Industry, govt tussle over imports regime

Sekai Nzenza

INDUSTRY and Commerce minister Sekai Nzenza this week pushed back on criticism by manufacturers over relaxation on duty for some imports, saying companies must, instead, prepare for a tougher liberalised Africa.

She was reacting to a drumbeat of heated debate since the government in May lifted duty on basic commodities to allow cheaper imports to land into Zimbabwe as worries over high prices mount.

 This week, industrialists said attempts to talk government into backtracking had hit a brick wall.

Confederation of Zimbabwe Industries (CZI) president Kurai Matsheza said manufacturers had been pushed to the brink as the flood of cheaper products increased.

Products on the list of duty-free imports include rice, flour, margarine, salt, milk powder, infants’ milk formula, tea (flavoured or not), petroleum jelly, toothpaste, bath soap, laundry bar and washing powder.
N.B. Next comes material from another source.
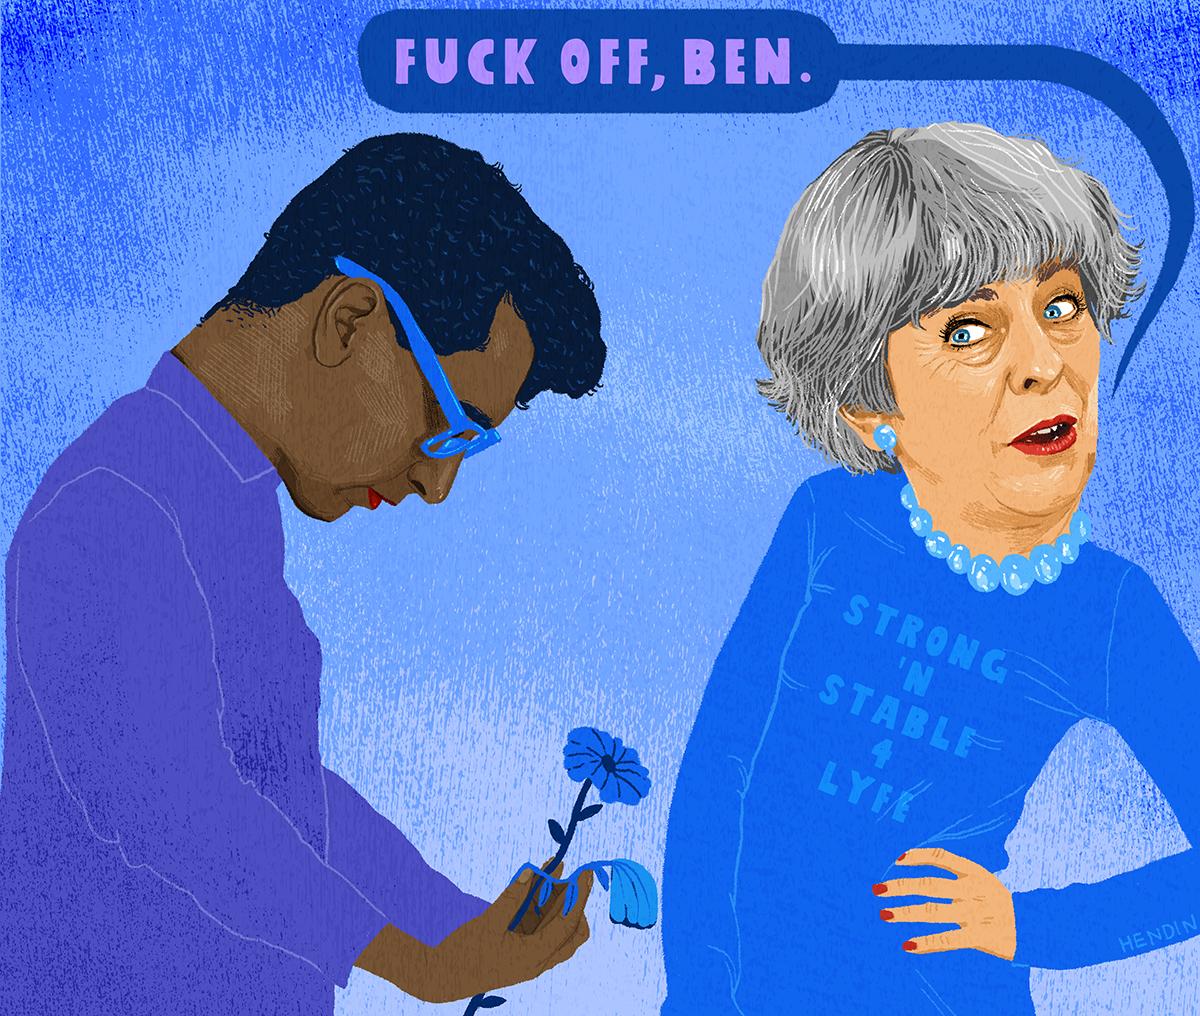 rebecca-hendin-buzzfeed-general-election-dream-tweets-illustration-may-2

But Nzenza fired back, warning industries to move with time, as the African market converges.

She said companies must understand that current imports were only a precursor to the scope of competition that they face in an expanded, liberalised bloc called African Continental Free Trade Area (AfCFTA).

 “Local industry should prepare for inter-continental trade instead of crying foul over import regulations,” Nzenza told businessdigest.

 “Their products must be of good quality and they must be standardised. Continuing to shield the local industry will not make them grow. The modern way of doing things is to liberalise. Government is complementing the private sector by assisting them through different funding mechanisms,” Nzenza added.

But Matsheza said the current duty regime had unsettled producers.

 “We were not in support of the suspension of duty and we engaged authorities but we didn’t succeed,” he told businessdigest.

“They kept to their position. We shouldn’t have gone that way. But they said they were protecting consumers.

We will continue to engage authorities,” the CZI president added.

Nzenza has already warned industries to brace up for stiffer competition with Africa’s biggest manufacturers as the region throws away trade barriers and opens up, following the historic AfCFTA pact, which came into effect in January last year.

Nzenza told industrialists last year that opportunities would be extensive as the US$3,2 trillion bloc eliminates duties on 90% of goods from member states.

But Zimbabwean firms must measure up to high quality, better priced products that will land from African peers under a liberalised regime.  It is the largest such trade bloc worldwide in terms of participating countries, with a market potential for goods and services of 1,2 billion people.